WHAT THE TASK ASKS:
The required answer is a copy of each line in the entries below that includes "Mockup".

Extracted records:
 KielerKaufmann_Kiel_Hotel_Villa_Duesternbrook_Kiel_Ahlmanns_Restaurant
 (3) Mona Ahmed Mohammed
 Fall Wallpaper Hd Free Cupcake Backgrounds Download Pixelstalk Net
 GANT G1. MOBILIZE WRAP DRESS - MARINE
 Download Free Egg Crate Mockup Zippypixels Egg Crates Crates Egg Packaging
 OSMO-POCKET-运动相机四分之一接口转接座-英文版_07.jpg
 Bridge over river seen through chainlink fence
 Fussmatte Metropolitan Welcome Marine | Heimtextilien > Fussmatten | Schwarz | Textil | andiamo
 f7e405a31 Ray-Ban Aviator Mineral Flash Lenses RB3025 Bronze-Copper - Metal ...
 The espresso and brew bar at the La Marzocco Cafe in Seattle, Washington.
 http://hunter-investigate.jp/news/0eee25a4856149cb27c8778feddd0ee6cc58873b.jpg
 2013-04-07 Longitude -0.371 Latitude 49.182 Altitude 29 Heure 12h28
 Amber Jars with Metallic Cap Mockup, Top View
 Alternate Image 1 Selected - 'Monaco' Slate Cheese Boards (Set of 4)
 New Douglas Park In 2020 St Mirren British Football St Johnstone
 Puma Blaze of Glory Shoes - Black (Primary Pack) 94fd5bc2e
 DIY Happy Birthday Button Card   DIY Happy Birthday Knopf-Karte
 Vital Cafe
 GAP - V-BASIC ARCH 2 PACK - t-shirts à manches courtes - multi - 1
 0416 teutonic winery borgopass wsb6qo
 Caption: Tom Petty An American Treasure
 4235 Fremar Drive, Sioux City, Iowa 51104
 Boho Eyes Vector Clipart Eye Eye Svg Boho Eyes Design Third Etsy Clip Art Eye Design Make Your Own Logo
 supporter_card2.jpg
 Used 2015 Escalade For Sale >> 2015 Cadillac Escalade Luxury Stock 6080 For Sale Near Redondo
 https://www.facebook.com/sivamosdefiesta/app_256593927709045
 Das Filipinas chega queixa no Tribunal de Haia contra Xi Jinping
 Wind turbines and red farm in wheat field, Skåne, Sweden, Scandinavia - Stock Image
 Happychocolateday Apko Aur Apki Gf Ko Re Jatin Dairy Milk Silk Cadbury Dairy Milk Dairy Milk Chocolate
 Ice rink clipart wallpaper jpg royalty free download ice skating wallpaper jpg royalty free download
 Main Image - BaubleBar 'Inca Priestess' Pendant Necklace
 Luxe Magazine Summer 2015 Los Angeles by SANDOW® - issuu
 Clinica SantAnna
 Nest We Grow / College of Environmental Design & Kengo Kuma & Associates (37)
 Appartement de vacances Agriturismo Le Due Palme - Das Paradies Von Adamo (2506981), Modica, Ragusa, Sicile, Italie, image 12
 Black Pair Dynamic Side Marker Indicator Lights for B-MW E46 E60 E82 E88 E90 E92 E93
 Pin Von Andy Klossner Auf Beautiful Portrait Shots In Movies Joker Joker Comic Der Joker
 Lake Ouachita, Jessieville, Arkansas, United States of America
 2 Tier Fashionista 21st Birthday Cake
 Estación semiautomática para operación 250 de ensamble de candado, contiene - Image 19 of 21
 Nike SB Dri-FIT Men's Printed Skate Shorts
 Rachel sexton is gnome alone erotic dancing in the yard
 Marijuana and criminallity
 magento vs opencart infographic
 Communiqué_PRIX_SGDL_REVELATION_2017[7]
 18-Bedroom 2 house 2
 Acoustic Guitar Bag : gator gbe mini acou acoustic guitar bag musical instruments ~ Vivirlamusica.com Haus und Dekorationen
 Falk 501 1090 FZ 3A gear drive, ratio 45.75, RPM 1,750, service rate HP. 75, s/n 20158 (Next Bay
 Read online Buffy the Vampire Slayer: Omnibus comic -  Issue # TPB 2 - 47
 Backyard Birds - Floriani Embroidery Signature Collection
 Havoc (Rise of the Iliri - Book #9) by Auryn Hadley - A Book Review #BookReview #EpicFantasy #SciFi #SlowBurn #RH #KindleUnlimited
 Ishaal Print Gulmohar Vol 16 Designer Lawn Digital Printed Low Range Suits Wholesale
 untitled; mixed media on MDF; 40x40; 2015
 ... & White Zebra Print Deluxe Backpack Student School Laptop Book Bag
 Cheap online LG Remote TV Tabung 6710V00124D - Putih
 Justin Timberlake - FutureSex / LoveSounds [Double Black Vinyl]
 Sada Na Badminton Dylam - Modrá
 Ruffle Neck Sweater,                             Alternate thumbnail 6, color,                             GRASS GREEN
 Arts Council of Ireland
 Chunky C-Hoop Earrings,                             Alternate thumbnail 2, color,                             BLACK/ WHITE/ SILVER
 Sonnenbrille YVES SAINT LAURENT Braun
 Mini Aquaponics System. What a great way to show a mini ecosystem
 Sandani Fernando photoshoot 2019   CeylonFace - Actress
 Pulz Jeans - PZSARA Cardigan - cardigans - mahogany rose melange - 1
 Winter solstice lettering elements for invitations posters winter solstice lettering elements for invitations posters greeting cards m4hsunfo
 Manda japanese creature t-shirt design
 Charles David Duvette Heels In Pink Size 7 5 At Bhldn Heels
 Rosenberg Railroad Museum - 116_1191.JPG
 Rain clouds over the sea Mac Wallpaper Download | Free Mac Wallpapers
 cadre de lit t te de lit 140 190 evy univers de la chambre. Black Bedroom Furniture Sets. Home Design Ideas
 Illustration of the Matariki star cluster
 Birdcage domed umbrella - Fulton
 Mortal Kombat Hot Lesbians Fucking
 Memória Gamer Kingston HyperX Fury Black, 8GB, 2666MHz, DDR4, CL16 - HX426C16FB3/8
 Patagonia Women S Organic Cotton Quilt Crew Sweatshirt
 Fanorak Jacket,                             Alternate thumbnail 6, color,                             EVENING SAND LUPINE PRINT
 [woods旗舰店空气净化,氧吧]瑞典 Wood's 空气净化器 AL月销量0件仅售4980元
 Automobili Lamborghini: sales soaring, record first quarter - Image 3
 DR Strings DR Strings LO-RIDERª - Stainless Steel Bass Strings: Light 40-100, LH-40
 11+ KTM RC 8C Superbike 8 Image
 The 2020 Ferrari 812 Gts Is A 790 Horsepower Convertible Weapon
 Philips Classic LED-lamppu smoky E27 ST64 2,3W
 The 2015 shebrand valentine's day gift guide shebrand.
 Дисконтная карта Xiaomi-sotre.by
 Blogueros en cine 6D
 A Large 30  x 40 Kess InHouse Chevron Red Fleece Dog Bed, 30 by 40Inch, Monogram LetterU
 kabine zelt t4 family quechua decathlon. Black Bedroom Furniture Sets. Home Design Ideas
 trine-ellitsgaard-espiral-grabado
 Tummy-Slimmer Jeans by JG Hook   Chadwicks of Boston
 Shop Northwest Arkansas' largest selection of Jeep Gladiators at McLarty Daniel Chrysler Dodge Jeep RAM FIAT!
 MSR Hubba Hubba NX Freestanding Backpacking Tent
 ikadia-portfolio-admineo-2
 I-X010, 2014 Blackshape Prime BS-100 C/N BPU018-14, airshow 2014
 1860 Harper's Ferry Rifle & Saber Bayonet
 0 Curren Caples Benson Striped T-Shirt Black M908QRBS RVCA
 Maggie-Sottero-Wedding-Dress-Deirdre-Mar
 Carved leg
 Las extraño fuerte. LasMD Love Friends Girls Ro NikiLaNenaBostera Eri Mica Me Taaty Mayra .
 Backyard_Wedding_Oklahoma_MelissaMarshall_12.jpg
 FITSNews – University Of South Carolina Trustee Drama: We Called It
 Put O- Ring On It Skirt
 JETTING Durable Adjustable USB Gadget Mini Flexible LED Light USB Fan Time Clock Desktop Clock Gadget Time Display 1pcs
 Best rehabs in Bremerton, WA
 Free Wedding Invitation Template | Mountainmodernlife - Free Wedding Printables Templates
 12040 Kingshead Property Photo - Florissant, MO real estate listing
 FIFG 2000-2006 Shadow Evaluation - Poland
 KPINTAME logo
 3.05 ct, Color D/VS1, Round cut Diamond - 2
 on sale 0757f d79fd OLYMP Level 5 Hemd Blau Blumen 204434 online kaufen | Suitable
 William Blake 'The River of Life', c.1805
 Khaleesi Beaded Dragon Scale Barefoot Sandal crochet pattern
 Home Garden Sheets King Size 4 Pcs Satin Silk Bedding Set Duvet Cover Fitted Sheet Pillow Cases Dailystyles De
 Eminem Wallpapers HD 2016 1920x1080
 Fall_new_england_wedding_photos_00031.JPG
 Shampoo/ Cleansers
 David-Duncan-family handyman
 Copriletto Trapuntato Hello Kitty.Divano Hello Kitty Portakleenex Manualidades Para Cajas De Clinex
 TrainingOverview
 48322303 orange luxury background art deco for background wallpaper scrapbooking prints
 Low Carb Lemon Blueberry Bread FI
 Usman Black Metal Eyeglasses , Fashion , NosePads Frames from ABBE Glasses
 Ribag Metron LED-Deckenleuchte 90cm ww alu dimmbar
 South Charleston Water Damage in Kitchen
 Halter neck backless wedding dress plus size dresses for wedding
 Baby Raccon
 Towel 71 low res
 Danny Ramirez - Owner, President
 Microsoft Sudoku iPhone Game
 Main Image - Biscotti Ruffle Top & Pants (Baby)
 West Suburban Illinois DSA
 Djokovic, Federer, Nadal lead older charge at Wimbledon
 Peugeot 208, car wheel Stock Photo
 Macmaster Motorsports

RESPONSE:
 Download Free Egg Crate Mockup Zippypixels Egg Crates Crates Egg Packaging
 Amber Jars with Metallic Cap Mockup, Top View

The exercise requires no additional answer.